# Disabling CPU Prefetch features boosts single thread performance



## RejZoR (Feb 18, 2017)

*Prefetching enabled:*





*Prefetching disabled:*




5820K has two prefetch settings in BIOS, one is Hardware Prefetch and second, Adjacent Cache-Line Prefetch. I disabled both for lolz just to see how it goes.

Single thread performance was consistently higher by ~50 points where multithreaded hardly ever changed much. 20 is about as much difference I ever got. And that's from 12 threads combined. 50 jump is just for single thread. Only thing that changed between both runs are the cache settings, no fiddling with clocks or other settings.
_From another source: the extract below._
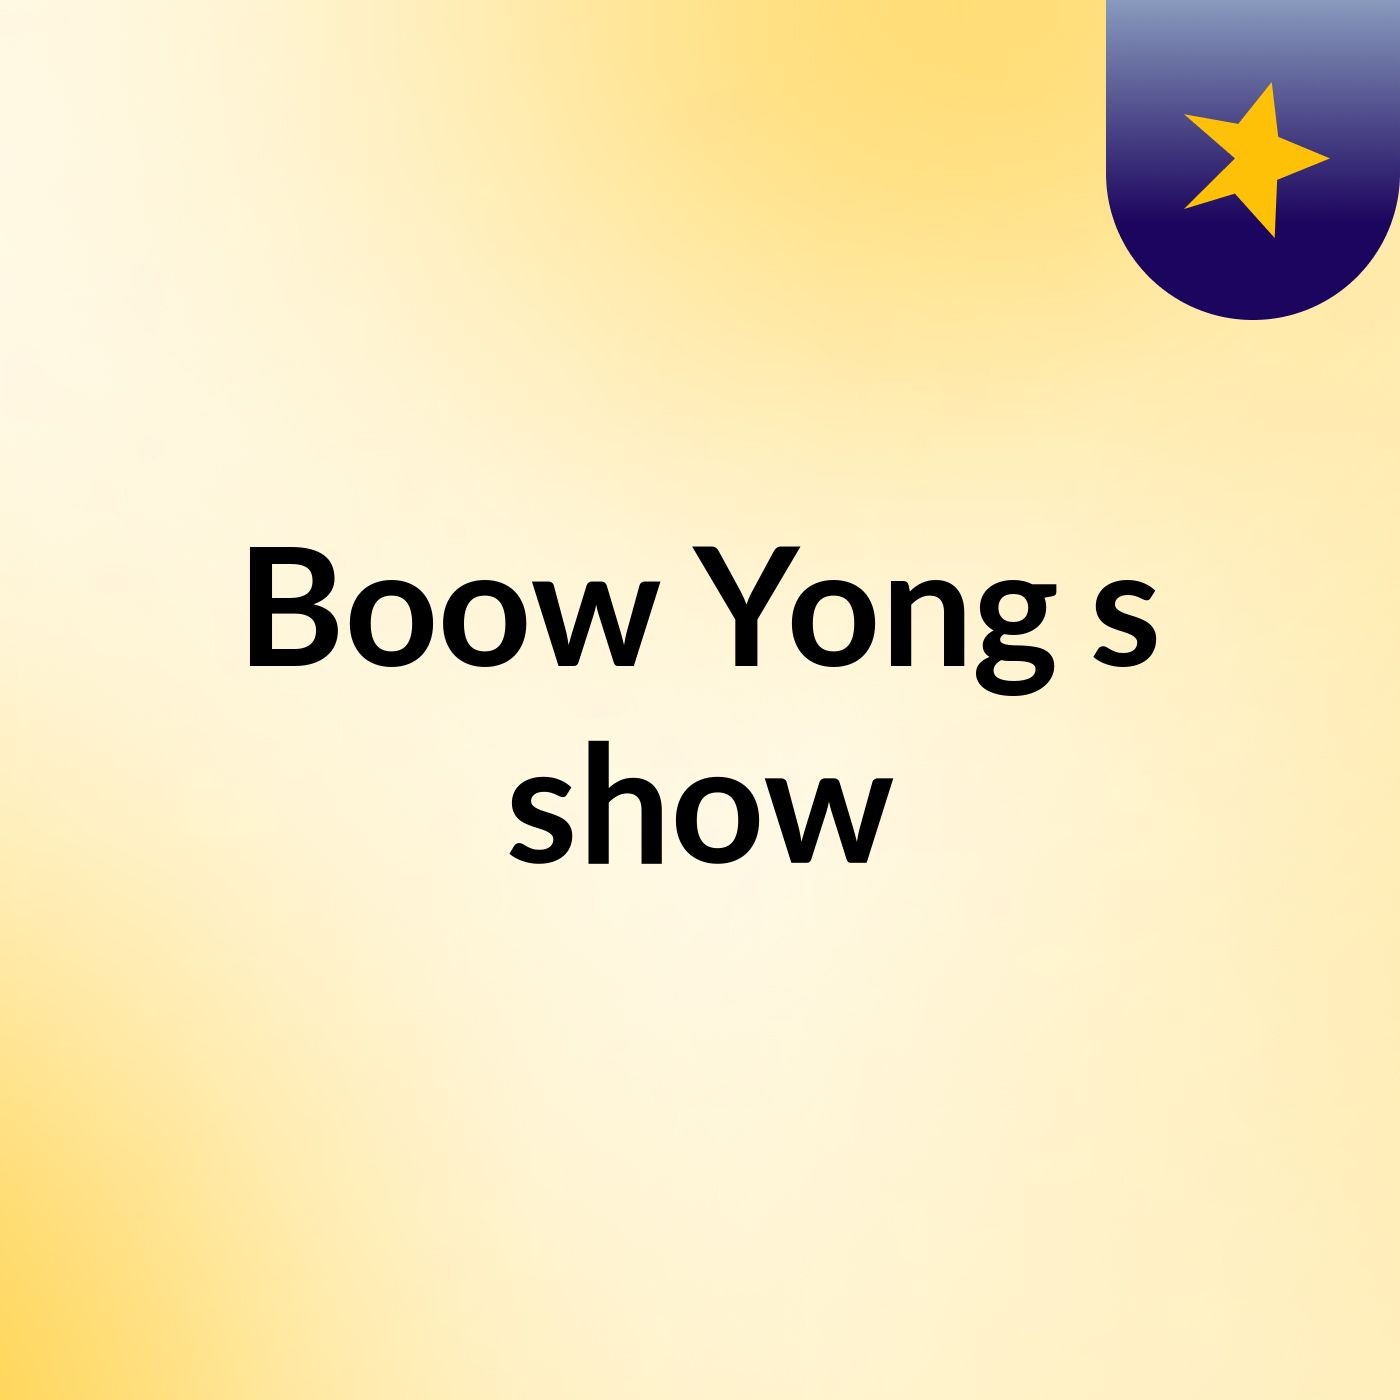 Boow Yong's show

I just find this interesting...


----------



## Toothless (Feb 18, 2017)

Soooo not really worth changing a setting?


----------



## basco (Feb 18, 2017)

i tried on x99 sabertooth and not 1 point moar.
do you have c-states and downclocking on??
if yes try to run a short multithreaded bench(like hwbotprime or wprime) before you push start on bench cpu.
this way i get better scores in both.


----------



## RejZoR (Feb 18, 2017)

I only have EIST enabled. C-States are off.


----------



## arbiter (Feb 18, 2017)

looking at the number its only 42 points, which is only 2% boost so i would kinda see that is within margin for error. Turning it off or leaving it along least from those screen's there is detriment or benefit


----------



## RejZoR (Feb 18, 2017)

It's not margin of error when it consistently goes well over 2000, but with prefetching enabled, it NEVER goes above 2000. Meaning it is a consistently measurable difference, even though small, but there is.


----------



## GreiverBlade (Feb 18, 2017)

less noticeable on Skylake although multi thread increase of 92pts in that case, where your take a -22pts hit , well that make your 4.5ghz 5820K ipc's going almost up to 4.4ghz 6600K

enabled and disabled


----------



## basco (Feb 19, 2017)

if you have cstates and eist enabled:

whithout cpuload(hwbotprime) before bench




with cpu load before bench





and for me this bench is very accurate +-5 points margin whithout eist+cstates


----------



## jboydgolfer (Feb 19, 2017)

curious about whether this might effect my pentium.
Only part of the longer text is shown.